Fae looked where Olivia was, and saw that she was staring at their sleeping friends: Madeline and the Star sisters.

I…

“I lost everyone,” Sonya said. “But when you arrived to save me, I didn’t just gain you as a friend. Because you didn’t save me alone.”

“Your friends became our friends,” Olivia said. “So… thank you. You’re…” And she hesitated, and Fae could feel the faint hints of embarrassment, of uncertainty, before she continued. “You’re my hero.”

There’s that word again.

Fae knew the other two could hear that thought, but it ran through her mind too quickly to halt it.

Hero. That word had followed her along this journey. And she’d always felt uncomfortable about it.

Saving others was fine. But getting a special label because of it? Being called, of all things, a hero? That just…

“Haven’t you been running from that title a bit too long?” the Orphan of the Dawn asked.

Fae gazed up at the golden tree, taken aback. “I…” she started, at a loss for words.

“To be a hero is not so frightening a thing,” the Orphan of the Dawn continued. “There are so many different kinds of heroes. Perhaps all you need is to broaden your own definition.”

“It’s not complicated,” Sonya said. She adjusted her glasses and lowered her gaze, somewhat embarrassed. “A hero… is someone who saves people. Isn’t that enough? If it feels like too lofty a title, then we don’t have to use it. But I do think it’s quite apt.”

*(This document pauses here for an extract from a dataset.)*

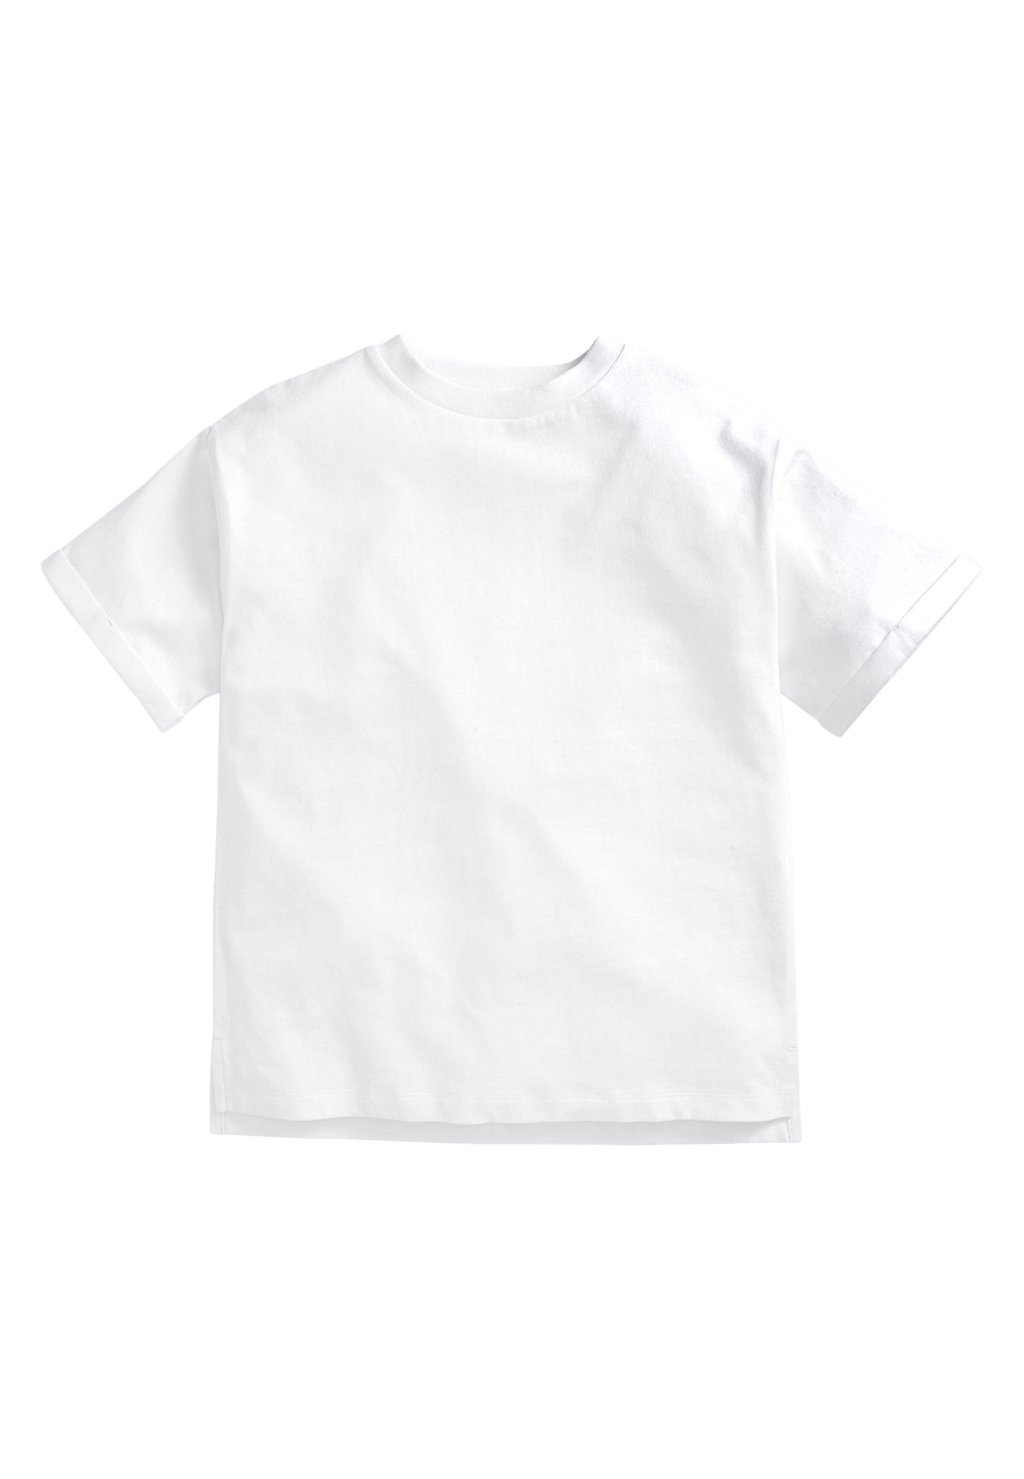 Базовая футболка Next, белая

“I’d… prefer if you didn’t use it,” Fae admitted. “Or at least… don’t make a habit of it.” She sighed. “I’m not trying not to be a hero. I just… don’t think I deserve to be looked at that way. I accept that I saved both of you. And I’m glad I was able to. Even so…”

“As long as you understand,” Olivia said. “I wasn’t going to go around calling you ‘hero’ every chance I got. It’s enough that I was able to finally say it, just once.”

In the embarrassment at being called such a title again, and in the feeling of the other two’s emotions so clearly, Fae had gotten distracted. But as she started to find her way back to the central topic…

“Oh,” she said softly, raising her eyebrows.

It’s… not there anymore.

She, Oliva, and Sonya all noticed the same thing at the same time. That sense of homesickness, of loneliness, had vanished. And the walls built up to protect that part of their hearts, to keep people from noticing, to try and manage something they couldn’t possibly manage alone…

Those walls were starting to crumble.

“Home,” Fae murmured, gazing at the long expanse of golden grass. A warm breeze blew past, and once again, she thought she heard her mother’s voice on the wind. She turned, and Olivia and Sonya did, too — they’d heard their mothers’ voices, as well.

But it was gone in a moment.

Yet in that moment, Fae was beginning to realize, and to accept, the truth of what had brought her here. And of what she really needed.

Home… it didn’t have to be a place.

From the moment she’d been born — from the moment Olivia had been born, from the moment Sonya had been born — they’d been broken. There’d been a hole in each of their hearts.

Only now, together, in this place, could that brokenness be made whole.

“We can’t go back to what we’ve lost,” Sonya said, softly, grief tinging her voice. “But… we finally found each other. We finally found what we could never find before we left. And I think, now, finally, having found that…” She turned, gazing out at the endless golden fields under the shimmering golden sky.

We can move forward.

All three of them thought the same, fixing their gazes not on a place, but on a future they couldn’t yet see. A future of uncertainty, and yet it wasn’t quite so frightening.

Because they could face it with a new hope in their hearts. A hope they’d only found now, in each other, and a hope that promised them that they could face whatever was yet to come.

Because they would never face it alone.